All Products
Search
Document Center

Service use

Last Updated: Sep 30, 2019

1. What is an AppKey?

You may use Intelligent Speech Interaction in multiple business scenarios, such as customer service and court scenarios. Required service capabilities may vary with the scenario. An AppKey is used to uniquely identify a business scenario in a project. You can obtain optimal results only when the configuration of a project matches the corresponding business scenario.

2 What is the difference between the stream mode and non-stream mode of speech recognition?

The non-stream mode is the common mode. In this mode, the server returns only the final result after determining that you finish a whole sentence. However, in stream mode, the server returns many intermediate results when you are speaking before it returns the final result of the sentence.

3. What audio coding formats does Intelligent Speech Interaction support?

Each Intelligent Speech Interaction service supports different audio coding formats. For more information, see the API reference of each service. You can use common audio editing software such as Audacity to view the audio coding format of audio files.

4. What audio sampling rates does Intelligent Speech Interaction support?

Currently, Intelligent Speech Interaction supports only the audio sampling rates of 16 kHz and 8 kHz. If your speech data is sampled at other sampling rates such as 48 kHz, we recommend that you resample your speech data at 16 kHz before calling an Intelligent Speech Interaction service. Note that you must select the AppKey of a project that matches the audio sampling rate of your audio file.

5. How can I view the audio sampling rate of an audio file?

You can use common audio editing software such as Audacity or the open-source command line tool FFmpeg to view the audio sampling rate of an audio file.

6. Can I use Intelligent Speech Interaction offline?

Currently, Intelligent Speech Interaction is available only online. You must send speech data to the server for completing a recognition task.

7. What is the endpoint of Intelligent Speech Interaction?

The endpoint of Intelligent Speech Interaction is wss://nls-gateway.cn-shanghai.aliyuncs.com/ws/v1.

8. Does Intelligent Speech Interaction block sensitive words for recognition results?

Currently, Intelligent Speech Interaction does not provide this feature. You can process recognition results as needed.

9. Does Intelligent Speech Interaction recognize English?

Yes. You can select the English language recognition model when you configure a project in the Intelligent Speech Interaction console. This model supports the audio sampling rate at 16 kHz. You can use this model to recognize only English spoken by Europeans and Americans, but not English with a Chinese accent.

10. Does Intelligent Speech Interaction recognize dialects?

Currently, you can select a model that can recognize dialects when you configure a project in the Intelligent Speech Interaction console. The 8 kHz telephone customer service and quality inspection model for Chinese dialects can recognize six dialects in Sichuan, Northeast China, Henan, Hunan, Shandong, and Hubei. The 8 kHz telephone customer service and quality inspection model for Cantonese can recognize Cantonese.

11. Can Intelligent Speech Interaction automatically break multiple sentences?
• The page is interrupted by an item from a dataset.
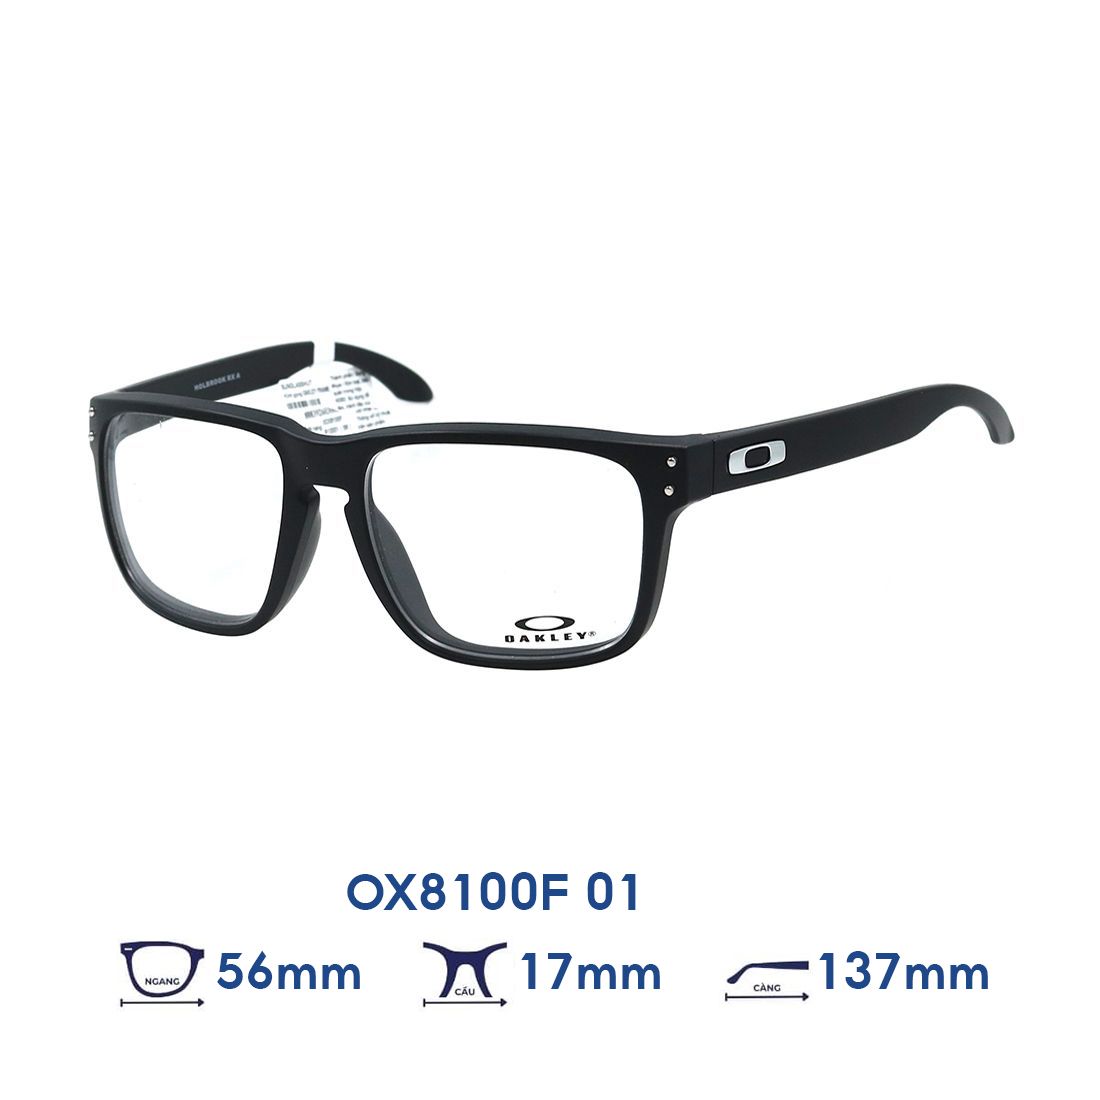  Gọng kính OAKLEY OX8100F 01

The real-time speech recognition service can break multiple sentences in a request. Each request of the short sentence recognition service can process only one sentence.
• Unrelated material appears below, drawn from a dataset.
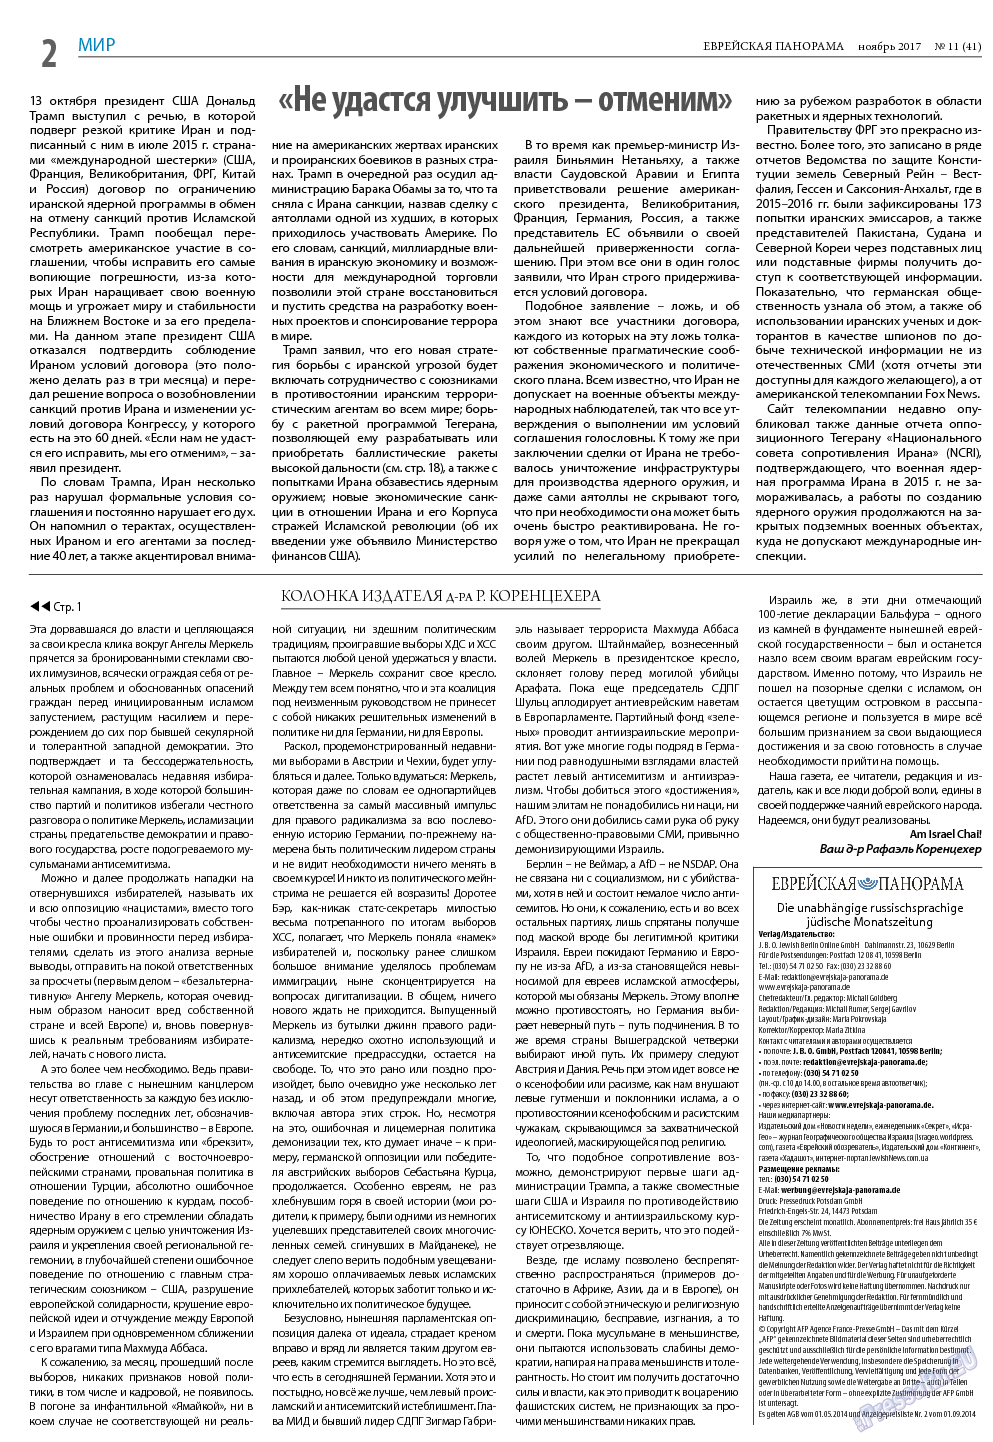 Еврейская панорама, газета. 2017 №11 стр.2

12. What are the limits in the trial edition of Intelligent Speech Interaction?

You can use the short sentence recognition or real-time speech recognition service to send a maximum of two concurrent requests for speech recognition. You can use the recording file recognition service to send requests per calendar day for recording files with a maximum duration of 2 hours.

13. What is the limit on the duration of speech in a request for Intelligent Speech Interaction?

The short sentence recognition service supports real-time speech that lasts within 60 seconds. The real-time speech recognition service does not limit the duration of speech in a request.

14. Does the existing token become invalid if I obtain another token?

No. The validity of a token depends only on the timestamp that indicates the validity period of the token. This validity period is not affected by another token that you obtain.

15. Can I obtain a whitelist of IP addresses that I can use to access Intelligent Speech Interaction?

An IP address whitelist for Intelligent Speech Interaction is unavailable because the Intelligent Speech Interaction server has a wide range of IP addresses. You can use the endpoint wss://nls-gateway.cn-shanghai.aliyuncs.com/ws/v1 to access Intelligent Speech Interaction.

16. How can I resolve the slow recognition and timeout issues when I use the real-time speech recognition service?

You can use any of the following troubleshooting methods: 1. Run the demo provided by Alibaba Cloud and compare the results in demo logs with those in your service logs to check whether the demo can run properly. Record the comparison results and provide your log information. 2. Record the task ID of the request for which the server returns an error response to facilitate troubleshooting. 3. Capture packets on the client to check the network condition.